Eventually, the wedding day arrives but, after entering the church for their wedding (the church where Rose’s suitor claims to have first seen his bride to be), neither Rose or her husband are ever seen again. Well, that is until, many years later, when Schalcken finds himself strangely drawn into the crypt of the church, where he seems to encounter Rose, who leads him to a bed within the crypt. After various lewd actions by Rose, she reveals that her gaunt husband is lying in the bed and, in front of a horrified Schalcken, she engages in a grim sexual performance with her husband.

The vision seems to shock Schalcken into unconsciousness and he awakens some time later to find that the bed is no longer where he had seen it, and that in its place is a tomb. The implication is clear: Rose has been sold to a corpse and her wedding bed is a tomb!

Elsewhere Derek Johnston has seen the story as one of ‘the tragic victory of commerce over love‘ but I read it somewhat differently. Rose isn’t simply sold to another man, but to death.
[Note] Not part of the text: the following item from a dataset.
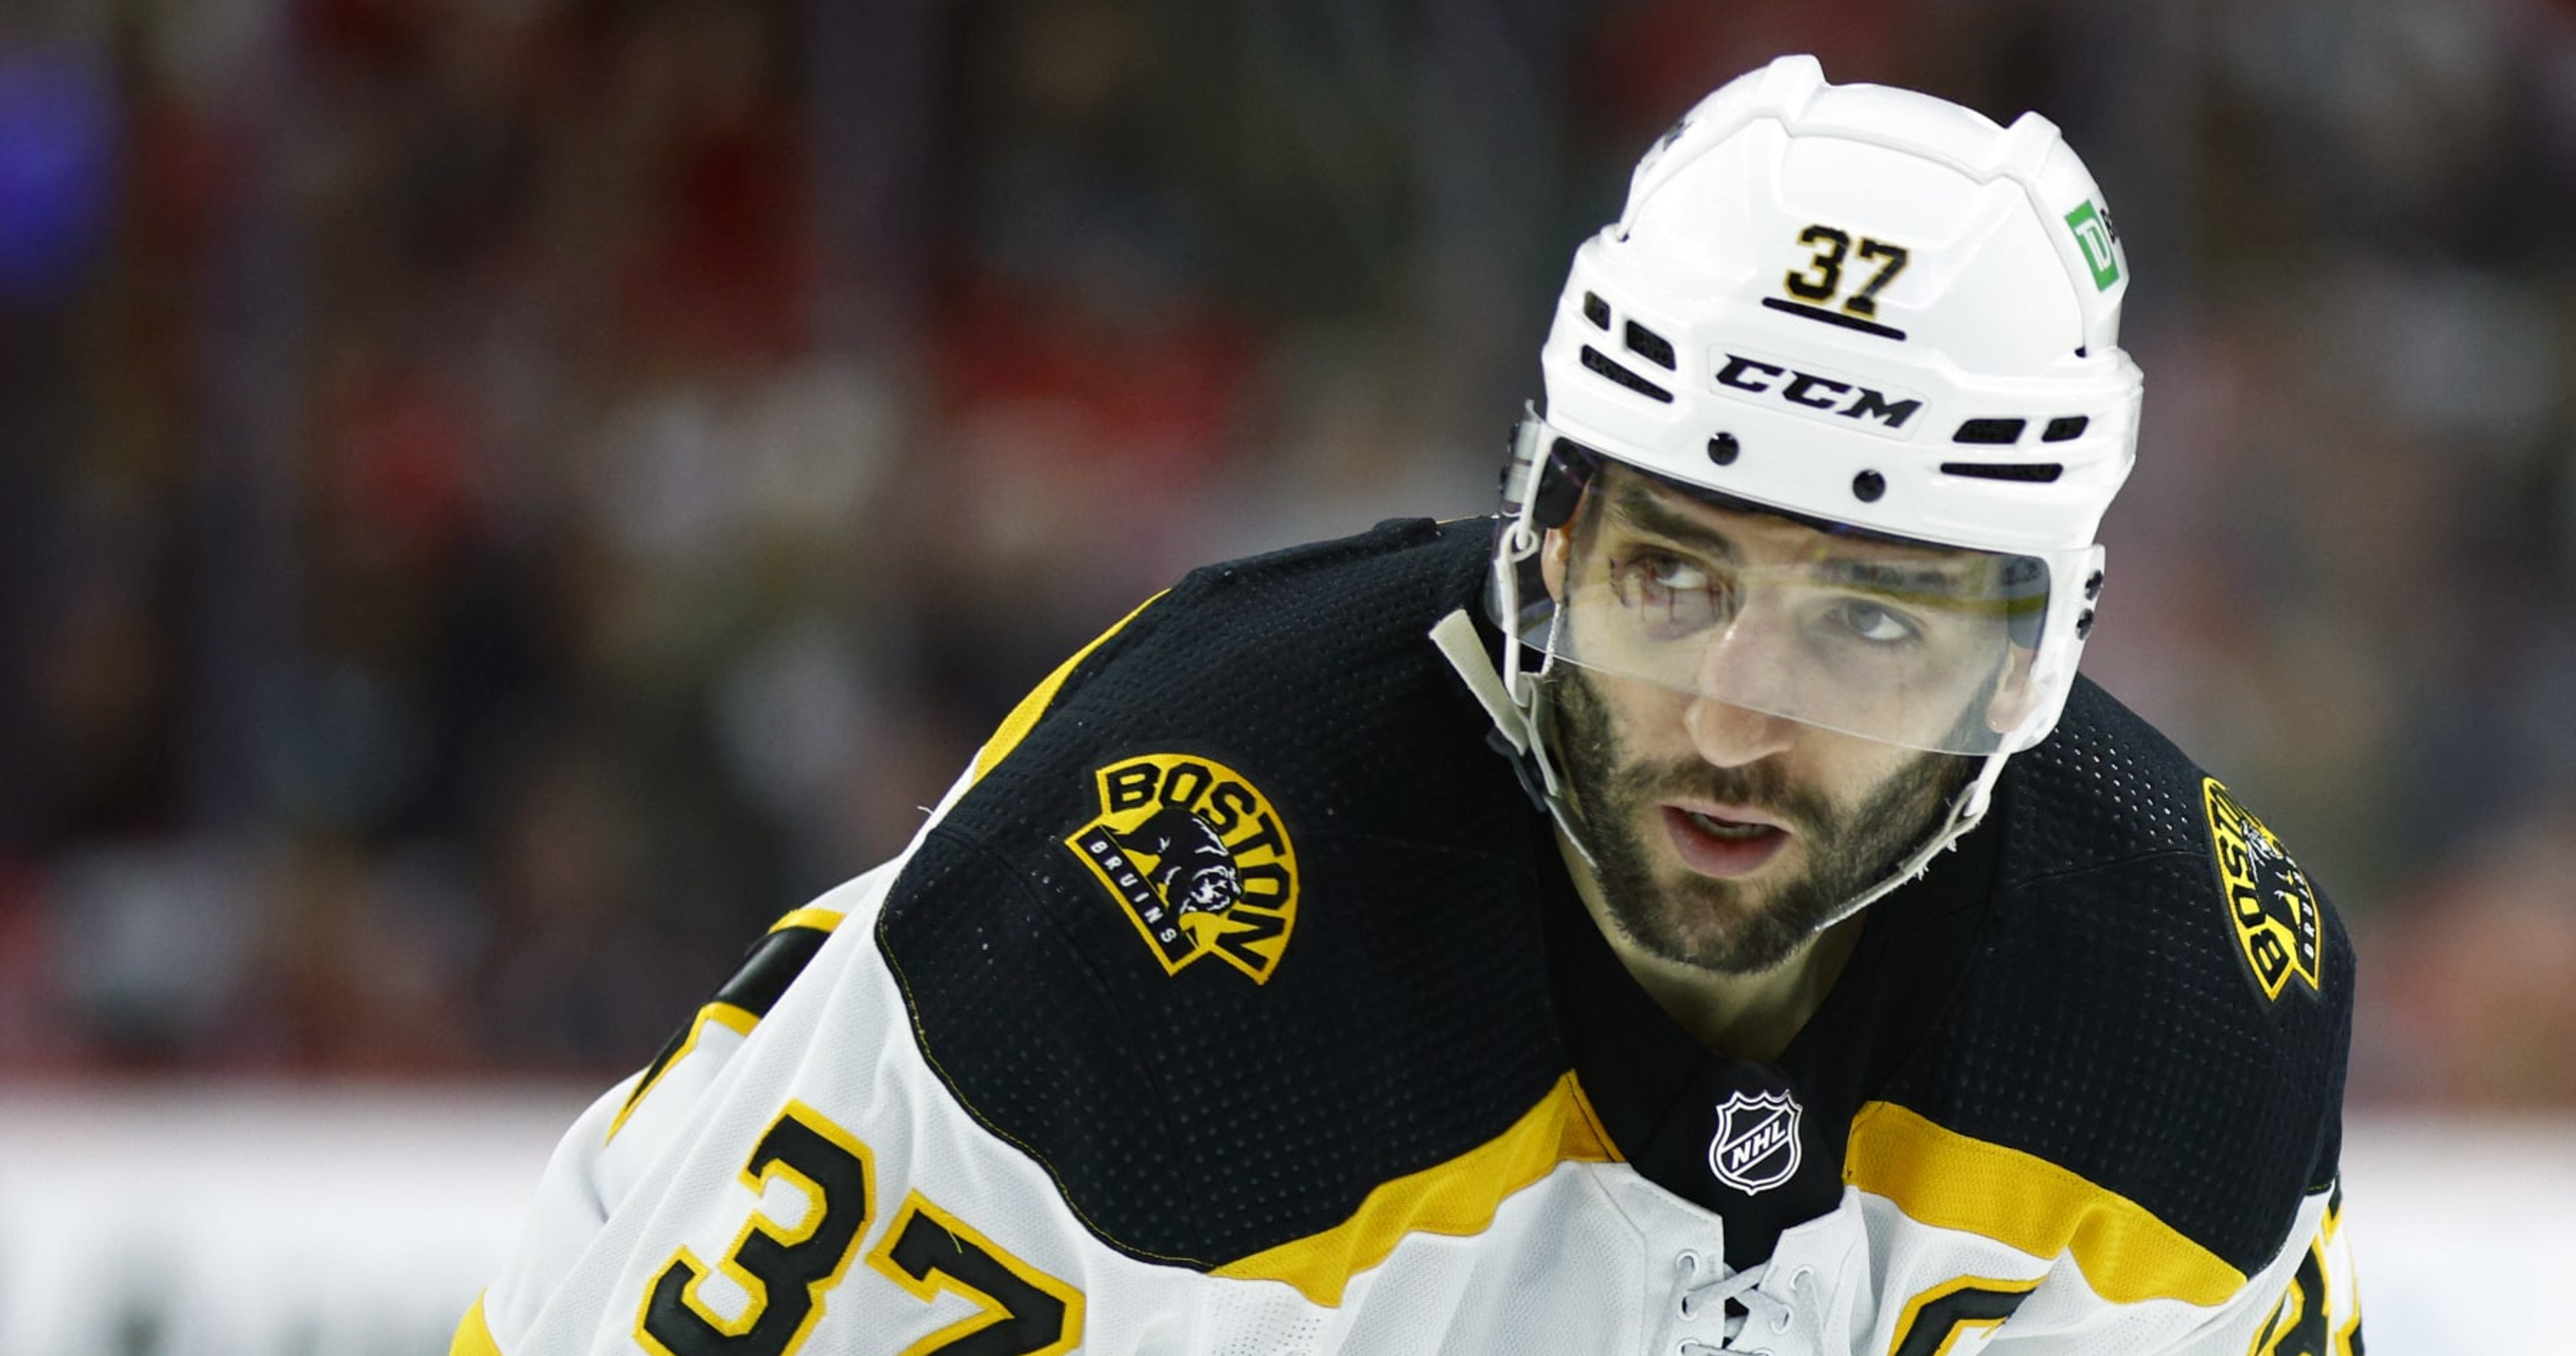 Patrice Bergeron, who won 2011 Stanley Cup with Bruins, retiring

The transaction converts Rose into property, into a lifeless commodity like cold, gold coins for which she is traded.

But Schalcken is not blameless here. Rose tries to persuade him to run away with her, but he says that he has no wealth to support them and that he will work so that he can buy her marriage contract back from her repulsive suitor at a later date – he accepts her marriage to another in the hope that he will be able to trade for her at a later date. In other words, he treats her like property, too; and he values wealth over love.

His vision is therefore interesting, because it disavows his own complicity in Rose’s destruction by suggesting that it is she who desires the repulsive coupling with the hideous stranger. In his vision, neither Dou, her gaunt suitor, nor Schalken are blamed and it is Rose’s sexuality that becomes questionable and even horrifying. Similarly, in his paintings (at least as the programme interprets them), Schalcken repeatedly displays his disgust at a world in which sex has become an object of commerce but, again and again, it is the women within these paintings who are presented as having commodified themselves, and chosen to trade sex for money.

But the story has show us precisely the opposite. Schalcken might choose to present himself as a victim and women as the cold, heartless marketeers of sex; but it is actually Rose who is the victim of a system of exchange between men, in which she and her sexuality are property to be traded, a system of exchange that only Rose has objected to, and with which Schalcken has remained complicit and from which he has hoped to profit. Even if he ultimately experiences disgust and alienation as a result.

In short, then, the programme is a beautifully put together little short story that is really creepy and rather disturbing. Oh, and Charles Gray as the narrator doesn’t hurt either!